However, AppCo is now extremely highly leveraged on the opinions and leanings of the people in this committee. Any small biases or mistaken beliefs about what makes a good candidate are replicated across every single interview the company ever does, in exactly the same way. For example, say many AppCo candidates have the majority or all of their experience in Big Companies. If AppCo rigorously evaluate their needs and consciously decide that they don’t want people with a BigCo background then that’s fine, and they should go with their considered opinion. But if they don’t make this evaluation, and the people in their small hiring committee subconsciously happen to dislike people from BigCos, then they will accidentally no longer hire any people with the skills that working in a large team gives you. This will happen without them having ever decided that this was the correct strategy. On the other hand, if they spread their interviews between a large group of interviewers, some will be mistakenly biased against BigCos, some will dislike people who know NodeJS, and others will really hate people from Chicago. These are all sad and silly mistakes to make, but they are uncorrelated and diverse, and AppCo will be able to absorb them.
If AppCo is confident that it can select a hiring committee that will make perfect decisions every single time then it should feel completely comfortable taking this risk. But then it should also get out of whatever business it is currently in and instead sell its services as an infallible hiring oracle, charging $100,000 per decision. If, on the other hand, AppCo is not possessed of any such mystical corporate seers, and is also scared that their interview process may be housing other unidentified, systematic mistakes, then it should step directly through the looking glass and embrace Randomness-Driven Recruiting.
Randomness-Driven Recruiting
As far as I know, every company everywhere assigns candidates a binary thumb pointing up or down. They may be uncertain whether their decision is correct, but they bravely make it anyway. This means that small mistakes in evaluation can tip candidates from a yes to a no or a no to a yes, with no hope for redemption. If AppCo interviewers unconsciously ding everyone whose code is messy but fast down a few rungs, they may accidentally end up with a team containing no one who can prototype a new feature in a small window of time.
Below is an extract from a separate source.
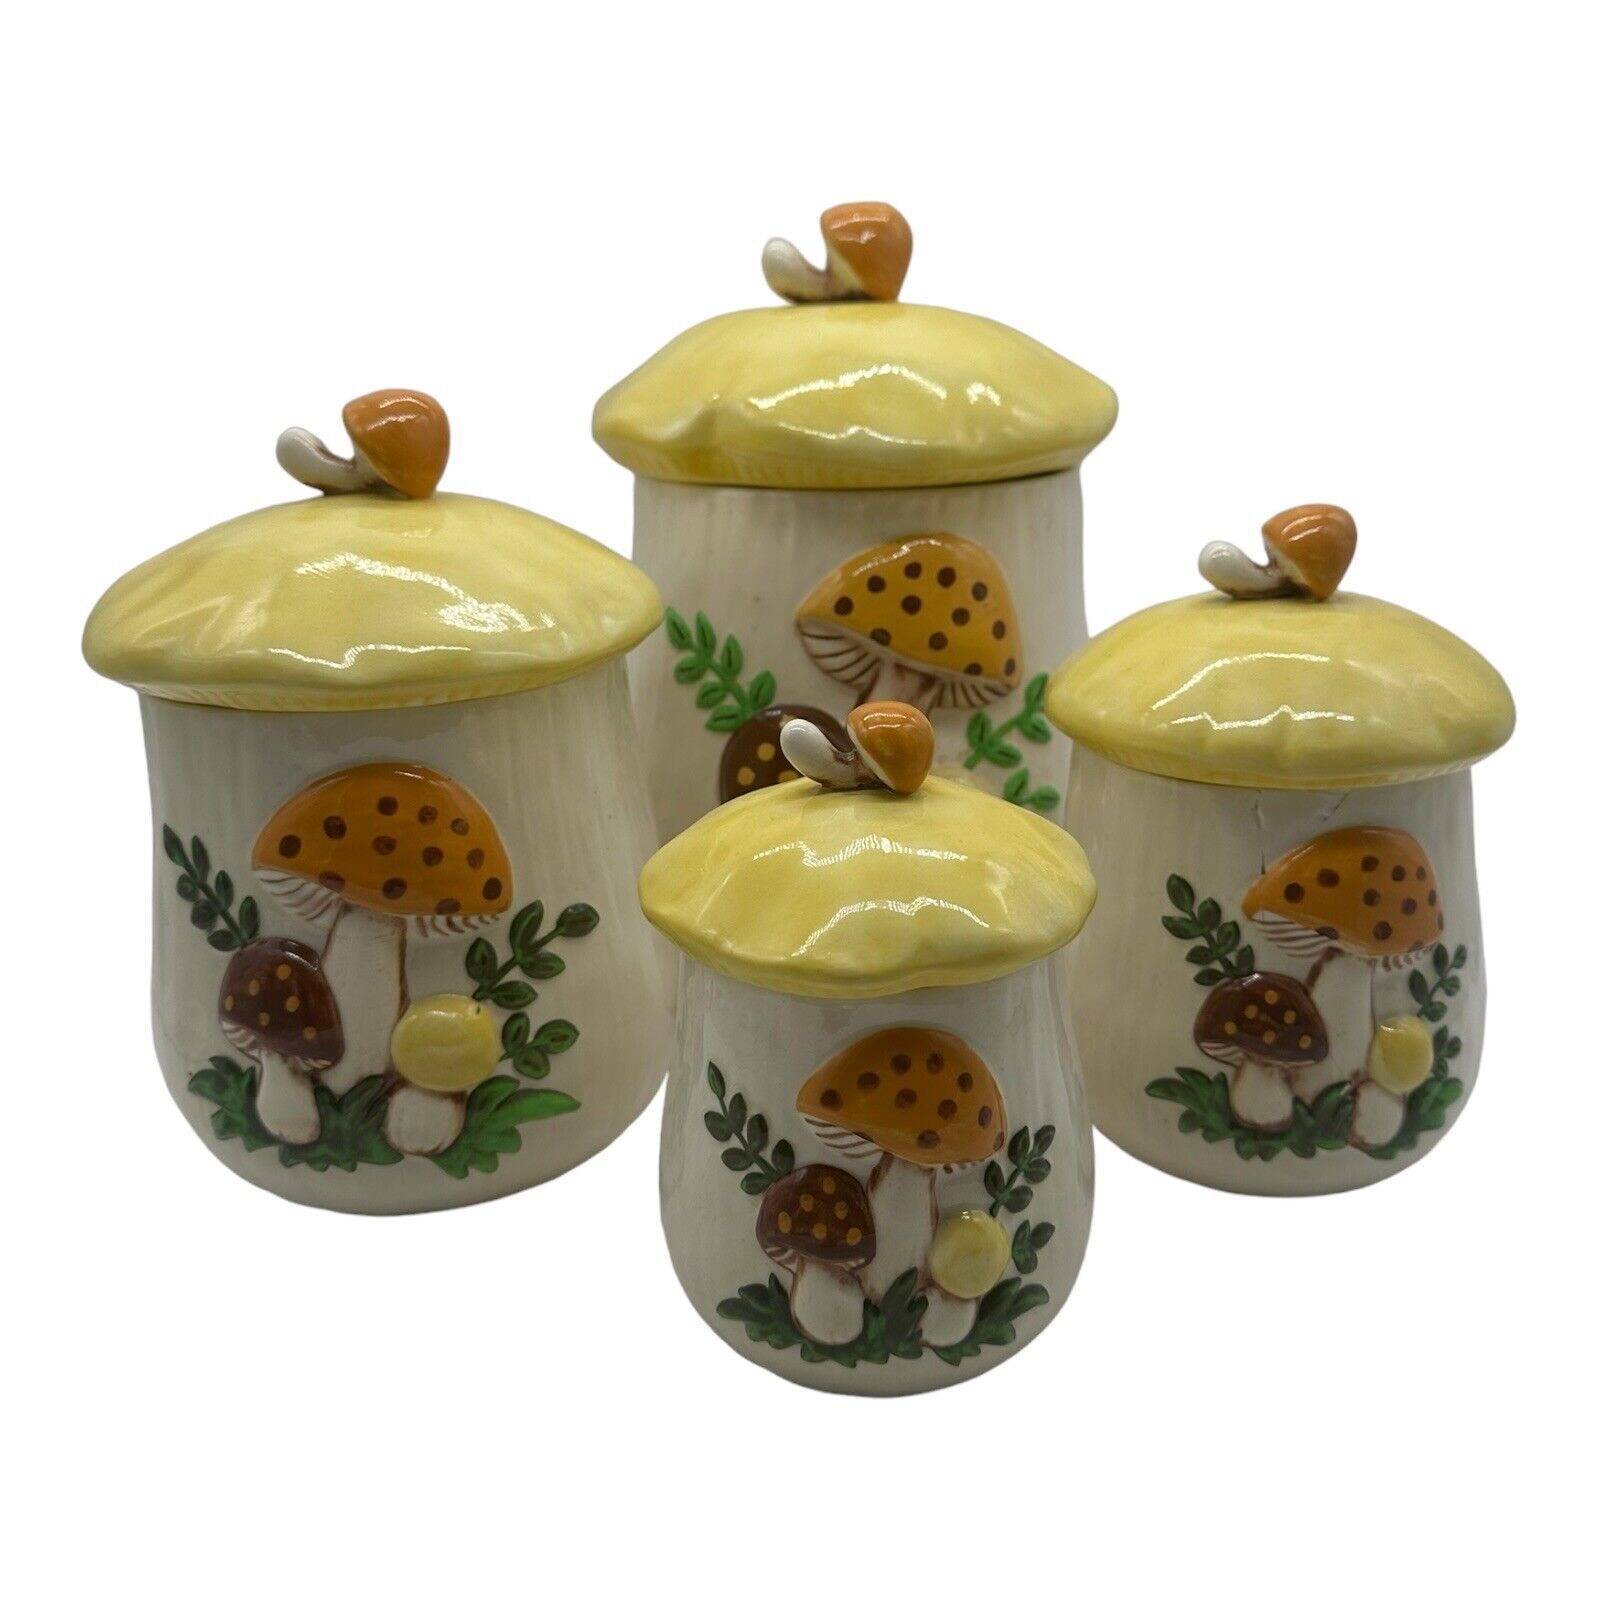 Vintage Arnel's Handmade Hand Painted Ceramic Mushroom Jar Canister Set Of 4

If they want to hedge their risk of repeatedly making the same mistake, they should instead assign their candidates a number, P, between 0.0 and 1.0. This number is the probability that the candidate will be hired. They then run their trusty Math.rand to get a random number between 0.0 and 1.0. If it is lower than P, the candidate is hired, otherwise they are told that it was lovely to meet them but they just aren’t a good fit.
This allows AppCo to express not only the candidate profiles that they are looking for, but the degree of certainty with which they believe these profiles are correct. If they are truly certain that an Amish sysadmin would be a bad idea, then they can give them a regretful P of 0.0. On the other hand, suppose that they have only a vague suspicion that they need engineers with startup experience. They can dock the experienced BigCo people a few points without locking themselves out of a skillset that they are not certain that they don’t need.
Currently, everybody uses a version of this system where the only allowed Ps are 0.0 and 1.0. Everything above 0.5 is effectively rounded up, everything below is rounded down. Randomness-Driven Recruiting allows AppCo to exert some degree of deliberate will over who they hire, but only as far as they feel confident. A team that is confident in their ability to choose the exact right people will still come out with a lot of 0.0s and 1.0s. But a team that fears that their interviews may be concealing unidentified, systematic leanings can represent this fear with more 0.7s and 0.2s. If their leanings turn out to be wrong, they will still have some biodiversity to fall back on and keep the group alive.
Effects
Randomness-Driven Recruiting instinctively feels unpleasant and unfair on candidates. Everyone involved in hiring or being hired knows that the process is already fraught with the volatility of inexplicable poor performance, interviewer bias and handshake mis-calibration. But as a candidate, you assume that these elements of chance are the enemy. You assume that the companies evaluating you are striving to eliminate them and get to know The Real You. A candidate who discovers that they are unwittingly being used as a tool to ensure the global health of the herd is likely to feel duped and angry.
But let us suppose a company came clean and said “one of our most important hiring tools is Math.rand.” This still feels very strange, but in a perfect implementation I can’t think of anything morally troubling about it. People have a right to not be deliberately discriminated against, but there is nothing deliberate about well-implemented atmospheric randomness. In practice it might allow unpleasant and very deterministic bias to be disguised as non-deterministic randomness (maybe female programmers turn out to be much less good at rolling dice than the men), but such biases can already easily be covered up without resorting to randomness.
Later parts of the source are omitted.